For the moment, Steel is focused on the quieter pastures of rural education, fronting a press conference in mid-July. He complained that children know more about global warming than they do about how their food is produced. This raised a hoot from John Vidal in the Guardian's Eco-Soundings column. Surely some mistake, Sir David, your advisers will soon tell you: "the less children know about BSE, Farmer's Lung, sheep dip poisoning, battery farming, veal calf-rearing, pesticide spraying and so on, the better."

In fact, Steel is wearing his networking hat, promoting some of the existing rural education projects. The NFU's National Association of Farms for Schools initiative was launched in March 1995 to present the acceptable face of farming. Country Life magazine helpfully explained that this targeted those farms which had taken a more benevolent approach by developing quality and animal welfare. "A special benefit of these farms is that they are interesting....They are attractive to visiting schoolchildren who learn....that conditions do not always correspond with the vegetari an rhetoric." The Suffolk Farm Project leaflet comes complete with photographs of children cuddling piglet, duckling and well-feathered hen.
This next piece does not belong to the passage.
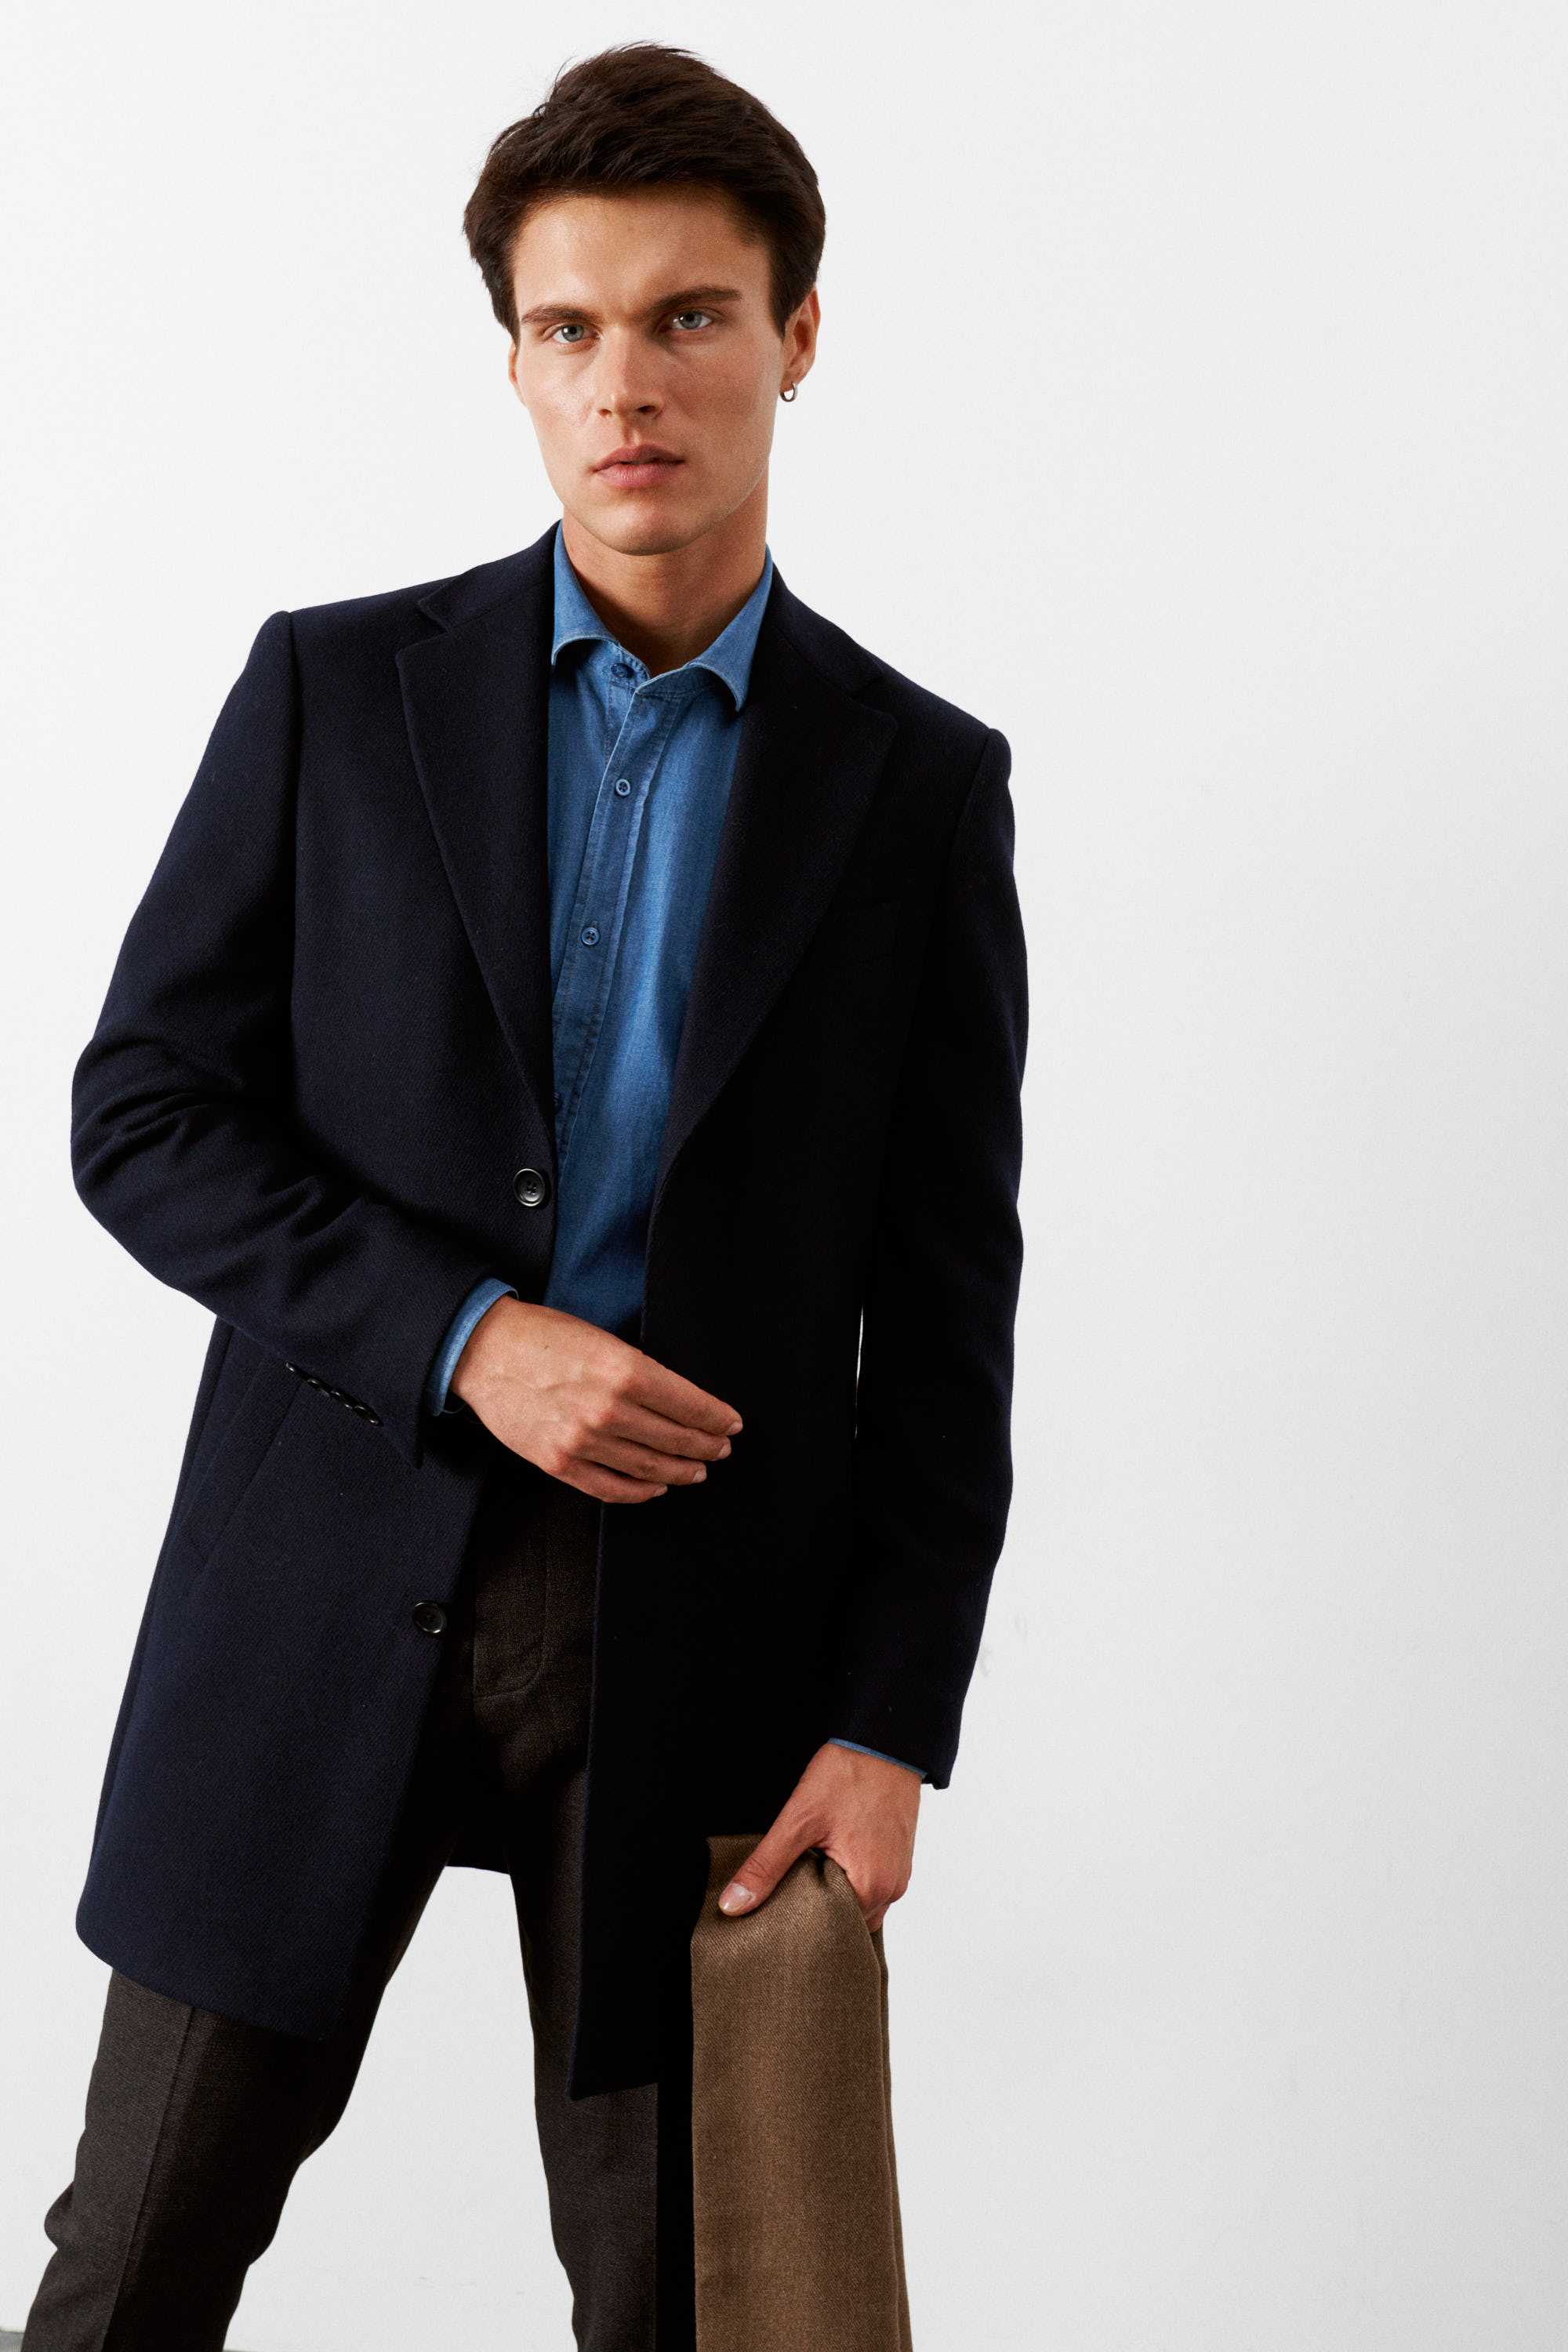 Пальто мужское демисезонное, темно-синее, диагональная фактура

Make no mistake, there is real anguish in the shires. The rolling effects of BSE are compounded by fears of firearm control following Dunblane, and there is hardship as many go to the wall. The result should be a more honest public debate about the state of the countryside. What is certain is that the Countryside Movement did not move effortlessly into the position of leadership it has initially hoped. The fences are high and the lines are drawn in what has been dubbed the rural civil war.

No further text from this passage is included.